# concorde tower JLT & satellite



## hado34 (Jun 12, 2013)

Dear
Is someone living in concorde tower and is using a satellite receiver to get free to air channels
I need help and advice on which device and which package i can get from this building

thanks


----------



## sammylou (Oct 29, 2012)

you could swing by and ask the management if there is a central satellite for the building in which case you can subscribe to OSN's service directly.

if not, you will not have a choice as to the provider, it will be du or etisalat and it will be fixed to one.

almost all buildings will have rules against mounting your own satellite dish on the balcony.


----------



## hado34 (Jun 12, 2013)

sammylou said:


> you could swing by and ask the management if there is a central satellite for the building in which case you can subscribe to OSN's service directly.
> 
> if not, you will not have a choice as to the provider, it will be du or etisalat and it will be fixed to one.
> 
> almost all buildings will have rules against mounting your own satellite dish on the balcony.


thanks for your reply
I have a Sat connexion in the living and bedroom, I suppose that a dish is on the roof. The security guards dont have any idea of it
In this building I didnt see any dishes in balconies so it should be not allowed there.

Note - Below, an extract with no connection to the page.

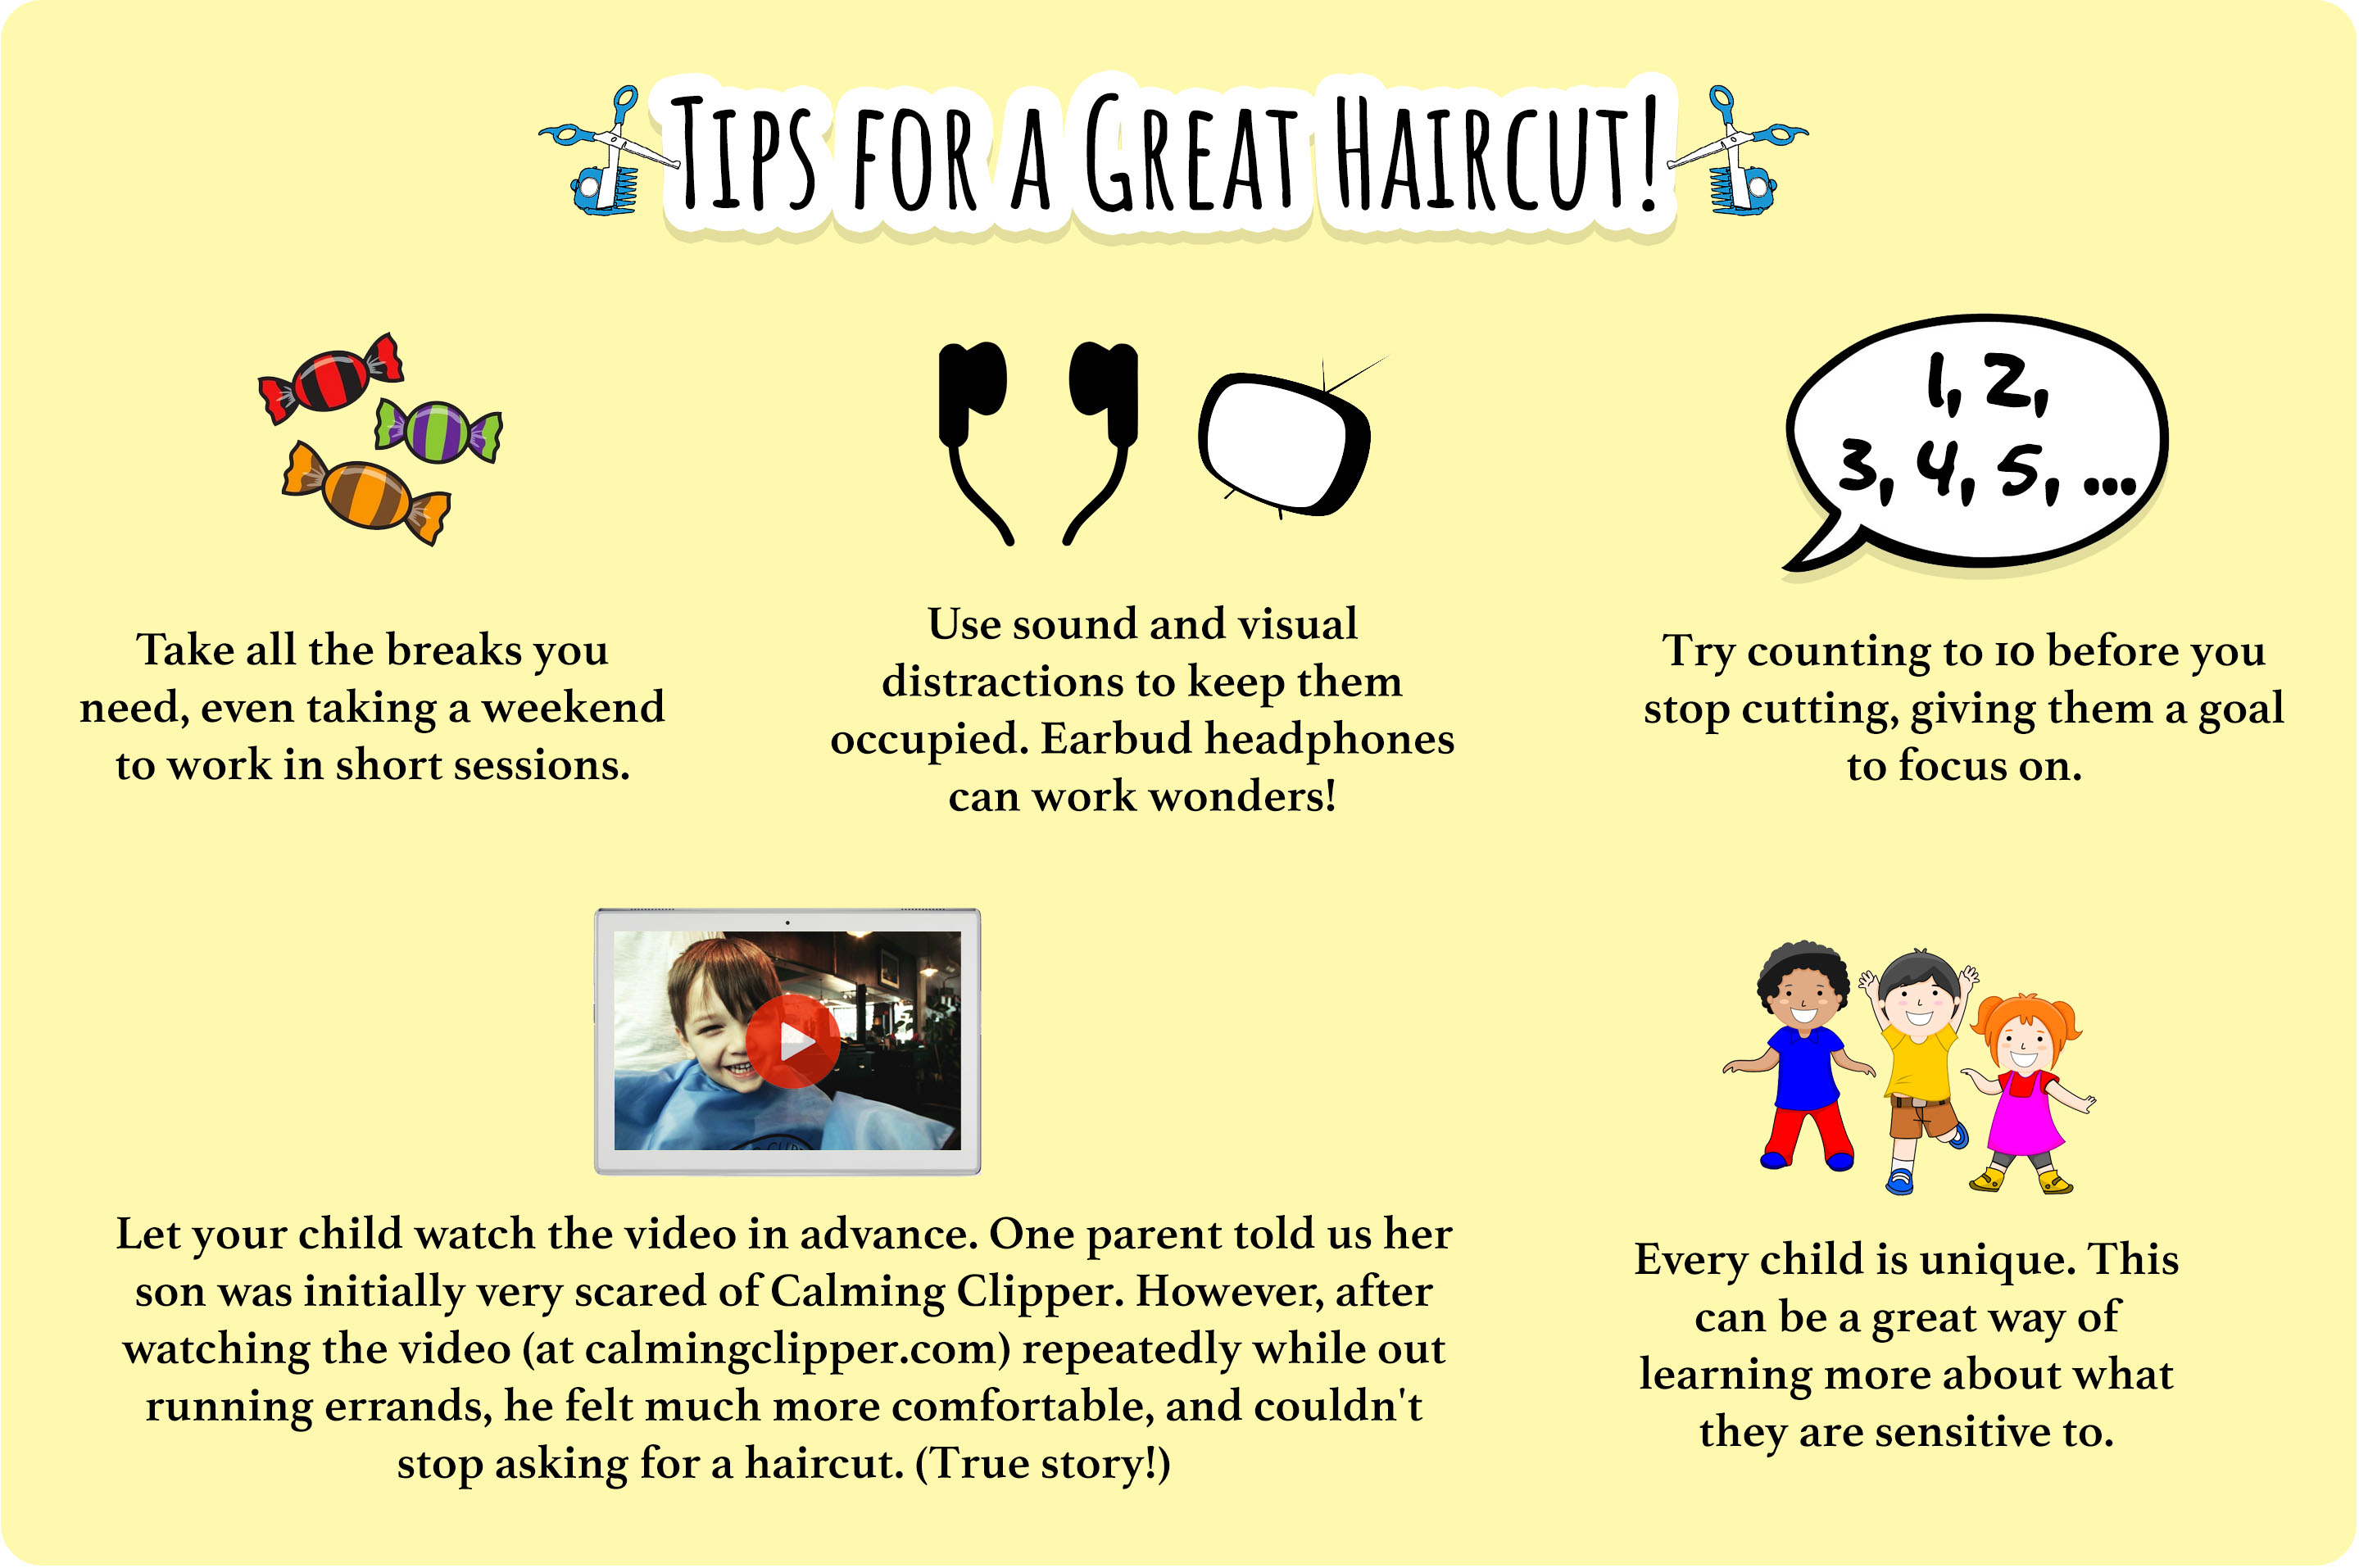 Tips for a Great Haircut infographic

I already have internet with DU but i didnt take the full package because of no good french channels on them


----------



## nous8080 (Oct 21, 2013)

Hello,

maintenance people told me that the sat connection is active and working. I still didn't try with a receiver for free to air channels, but i will in "near" future.
If you will try before, please let me know!


----------



## hado34 (Jun 12, 2013)

nous8080 said:


> Hello,
> 
> maintenance people told me that the sat connection is active and working. I still didn't try with a receiver for free to air channels, but i will in "near" future.
> If you will try before, please let me know!


Dear
did you try to use it?
I got a receiver but i didnt success to get any channels, if you know how to set up it please let me know

regards


----------